> **Try it**
What I need is an exact repeat of the lines from the one with "Achat Origin Storage" through the end of the listing below. Leave out every picture.

> **Data excerpt**
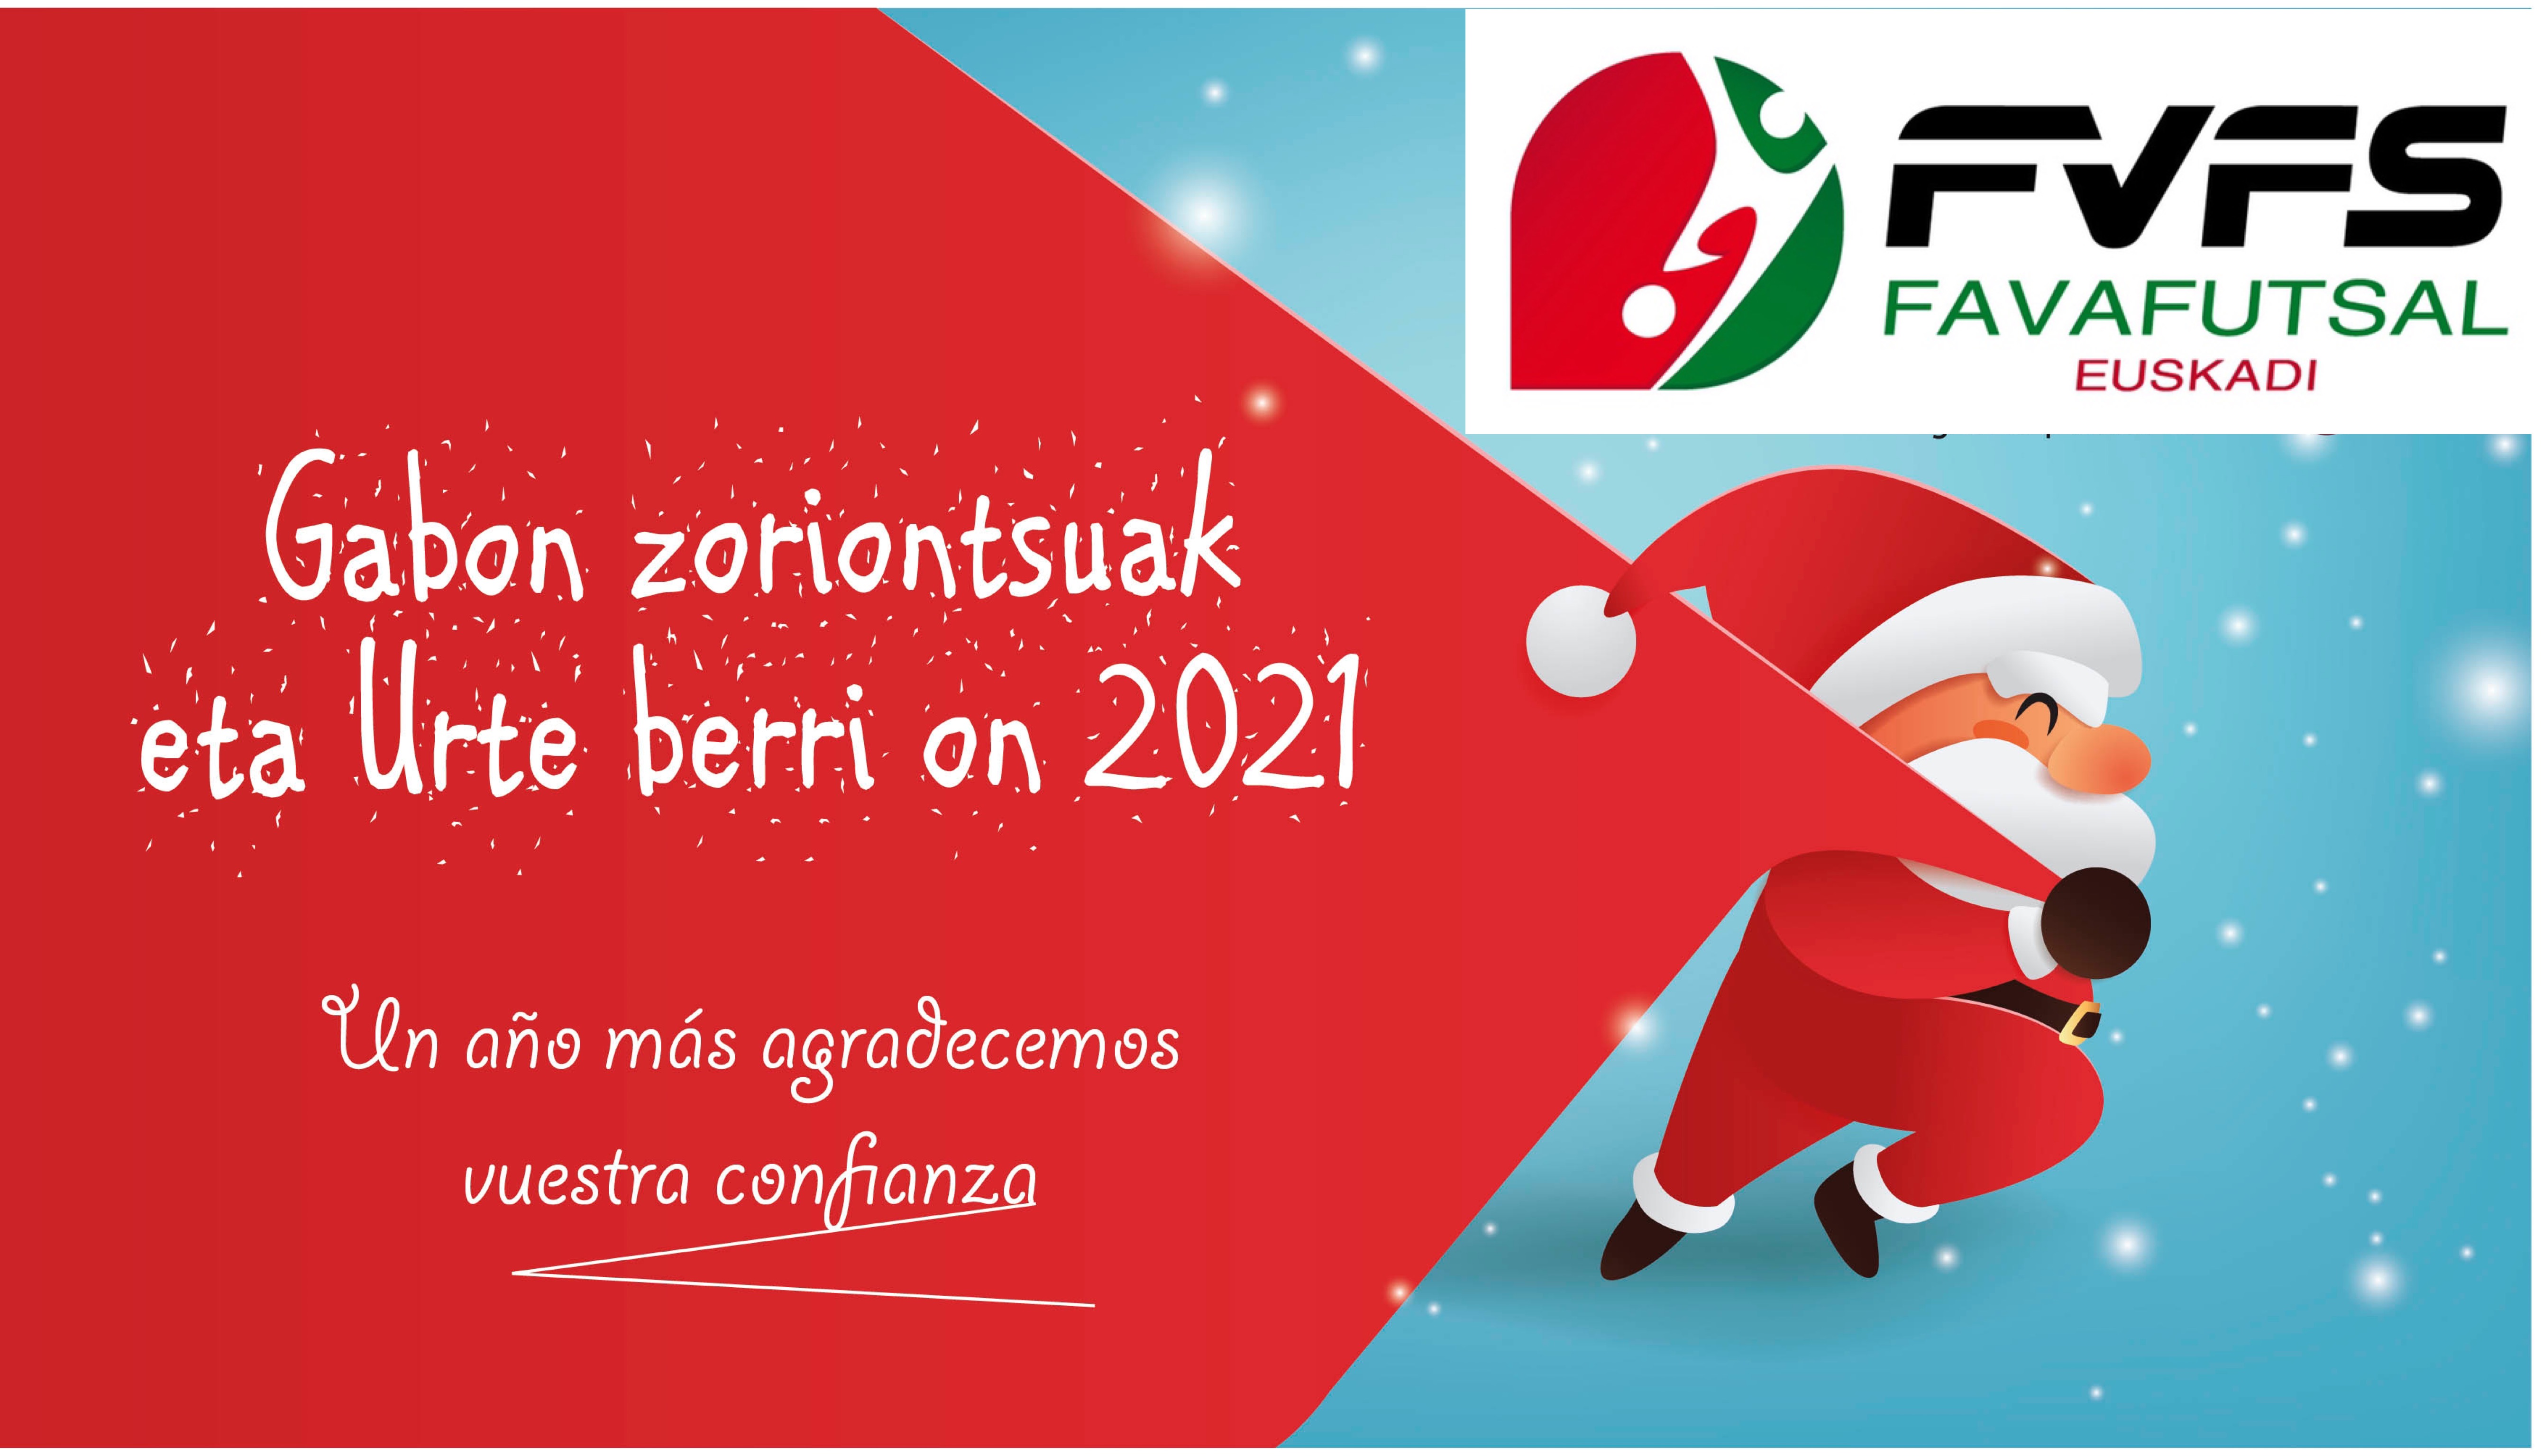 Favafutsal Euskadi os desea una Feliz Navidad.
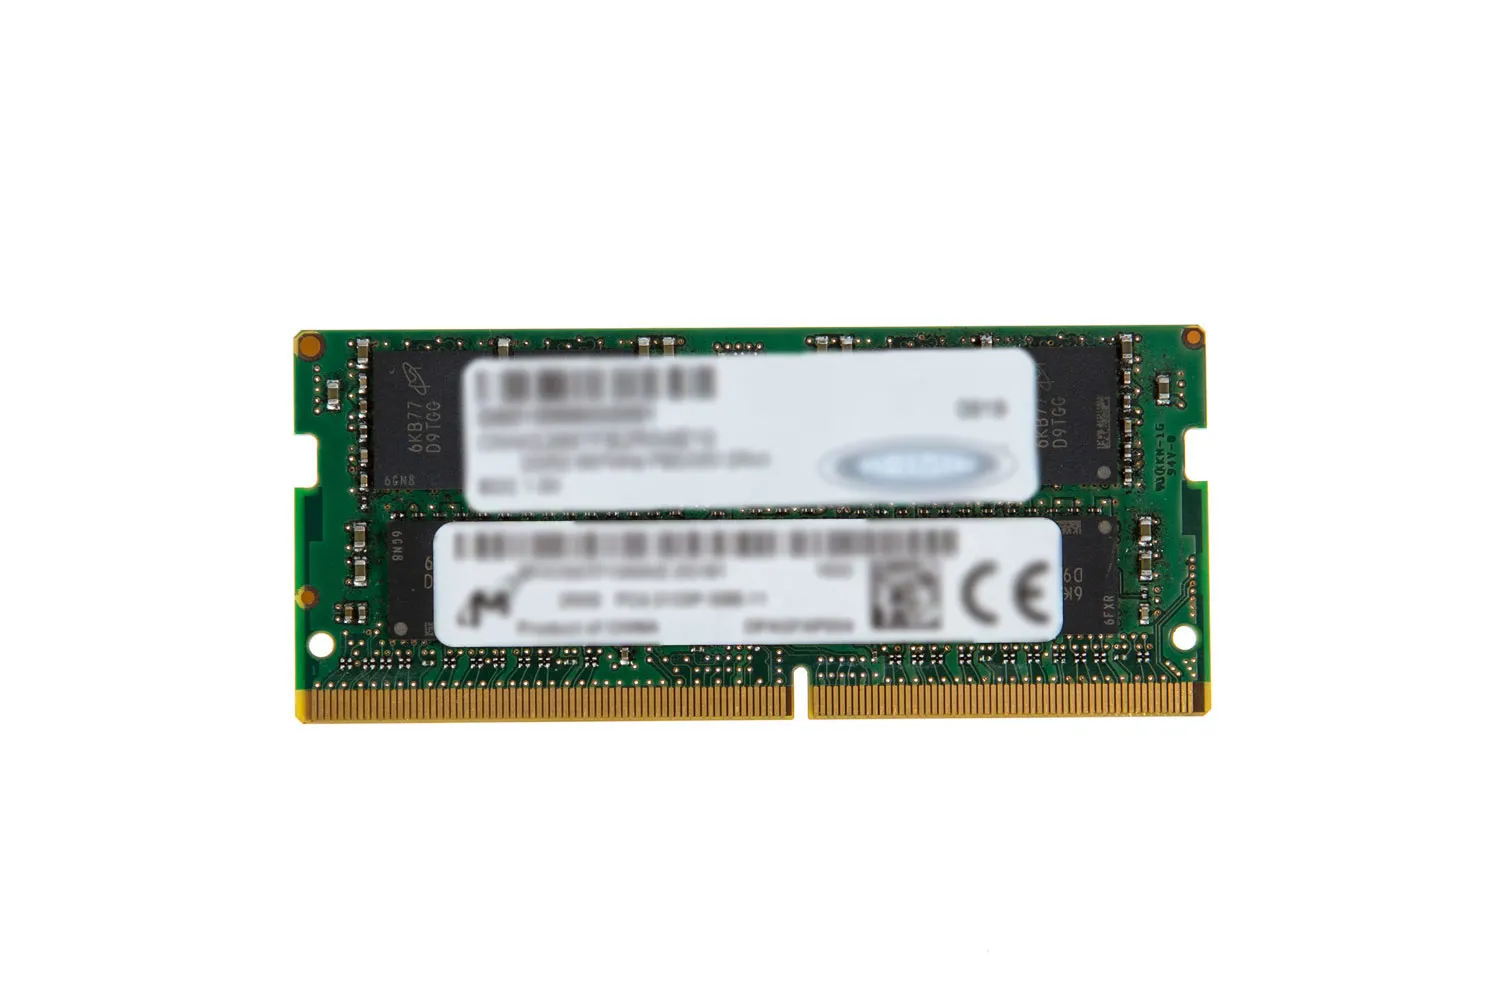 Achat Origin Storage Origin 4GB DDR4-2666 SODIMM memory - 5056006173274
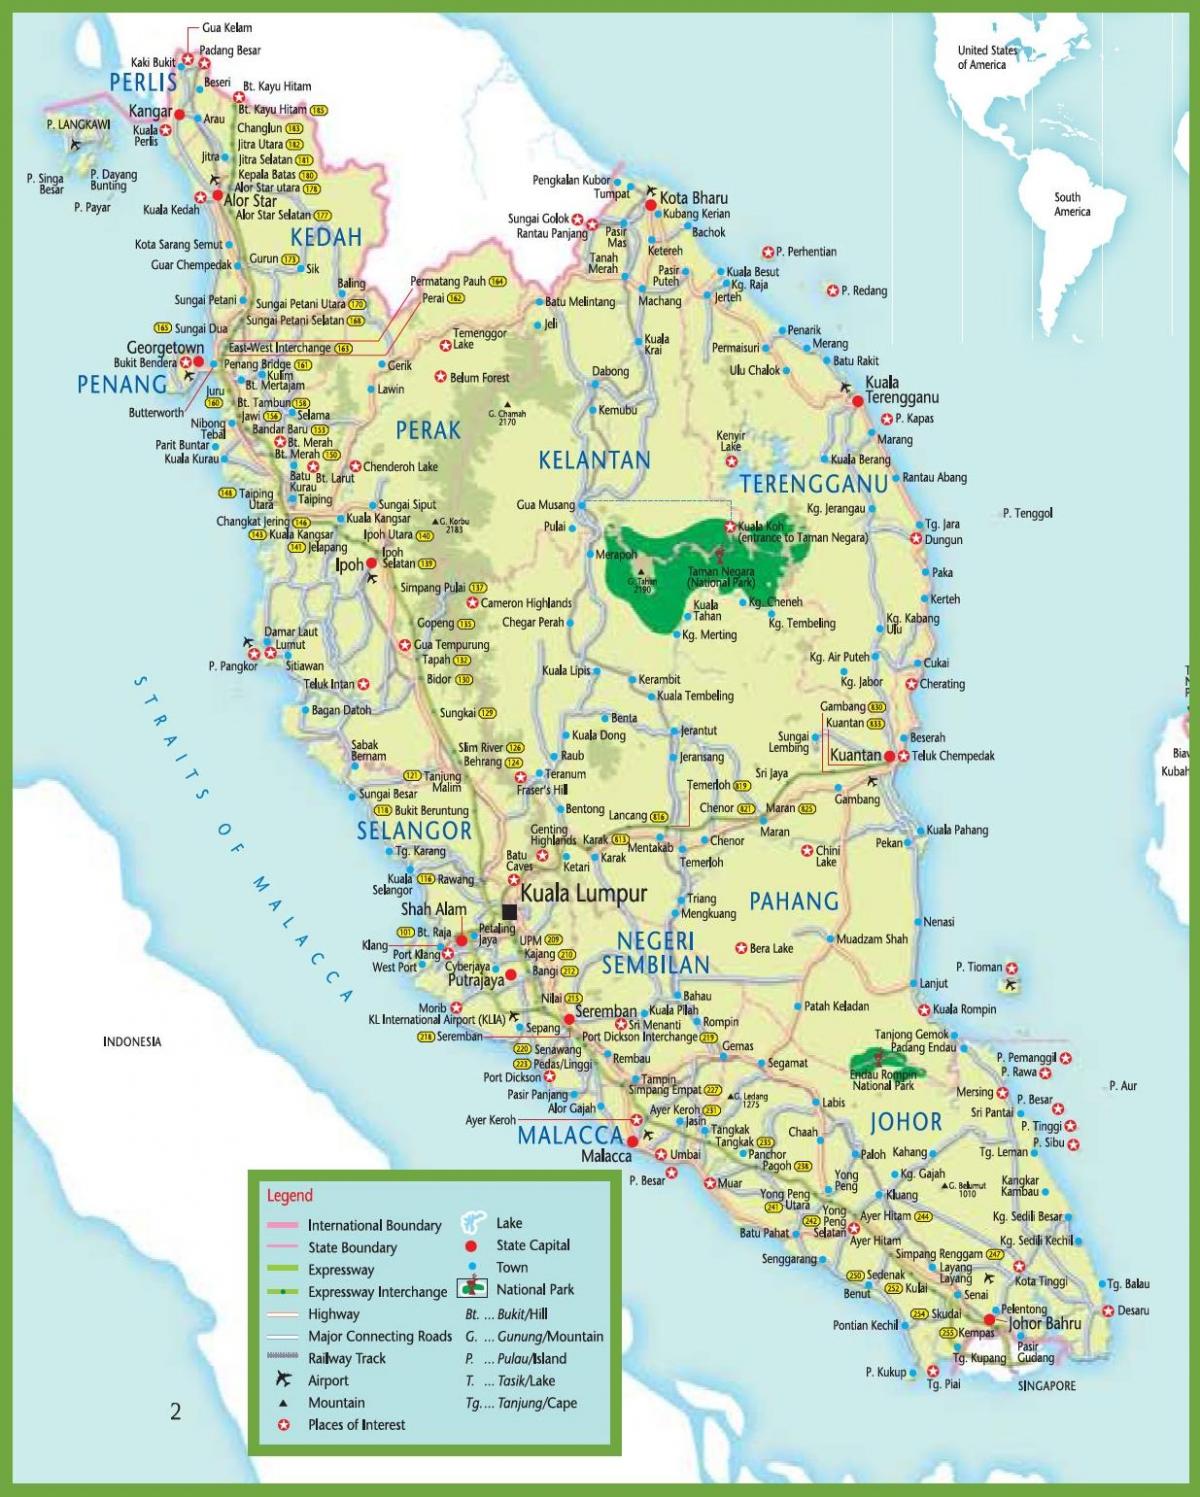 mrt mapu v malajzii
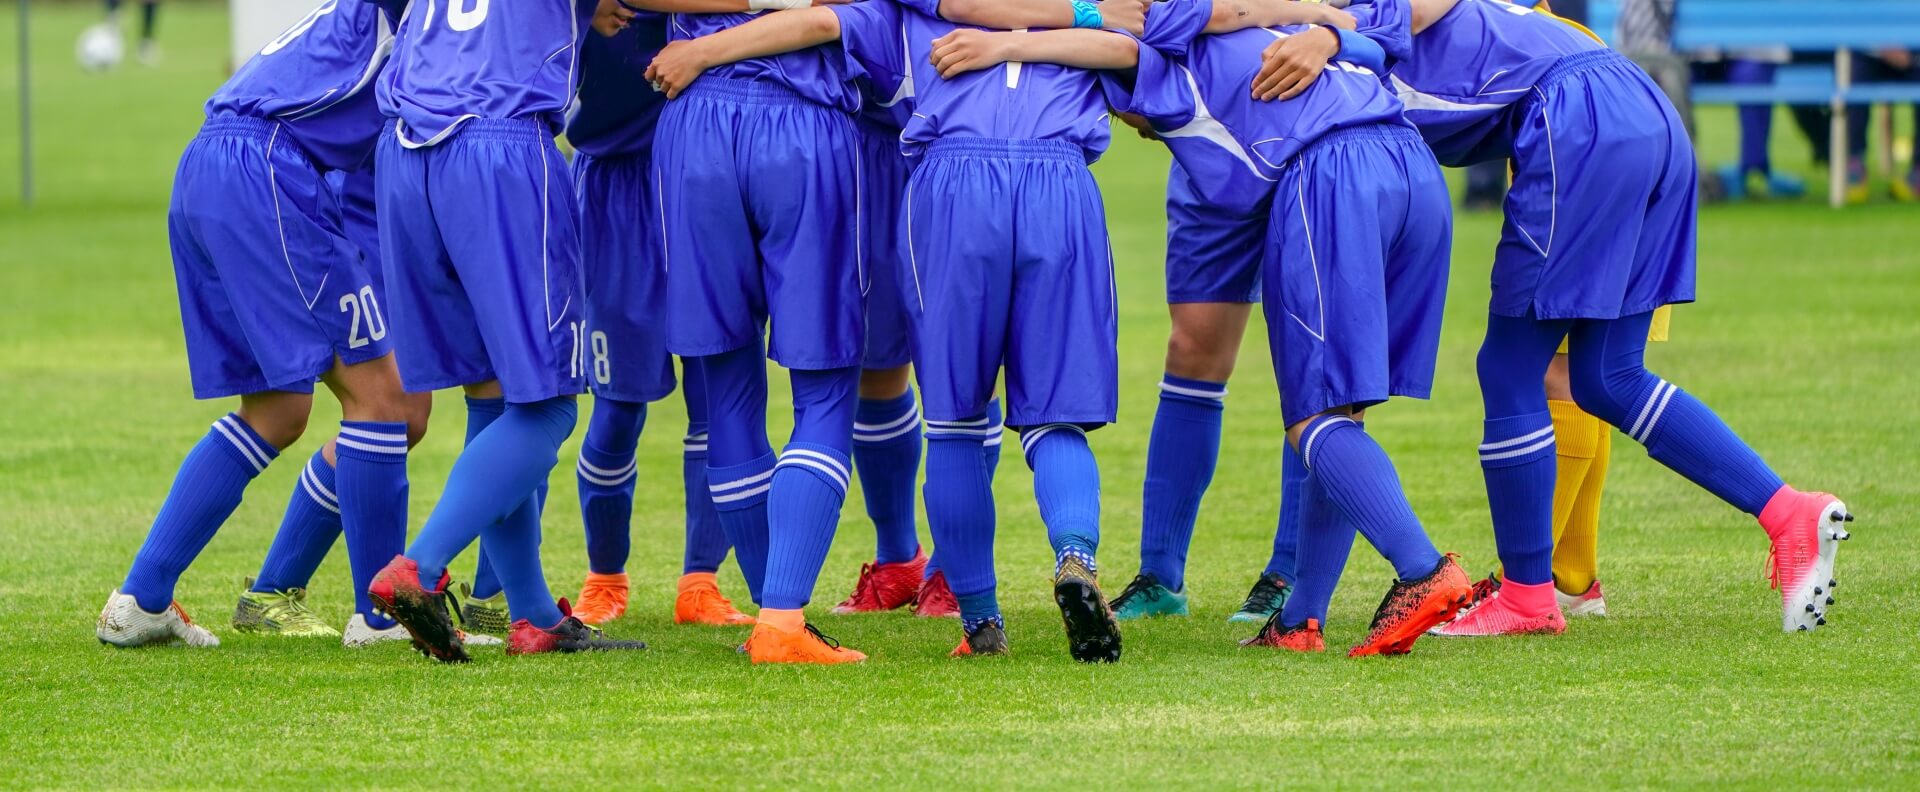 中学サッカーの保護者会の役割は 解決 中学部活動faq

> **Answer to this task**
 Achat Origin Storage Origin 4GB DDR4-2666 SODIMM memory - 5056006173274
 mrt mapu v malajzii
 中学サッカーの保護者会の役割は 解決 中学部活動faq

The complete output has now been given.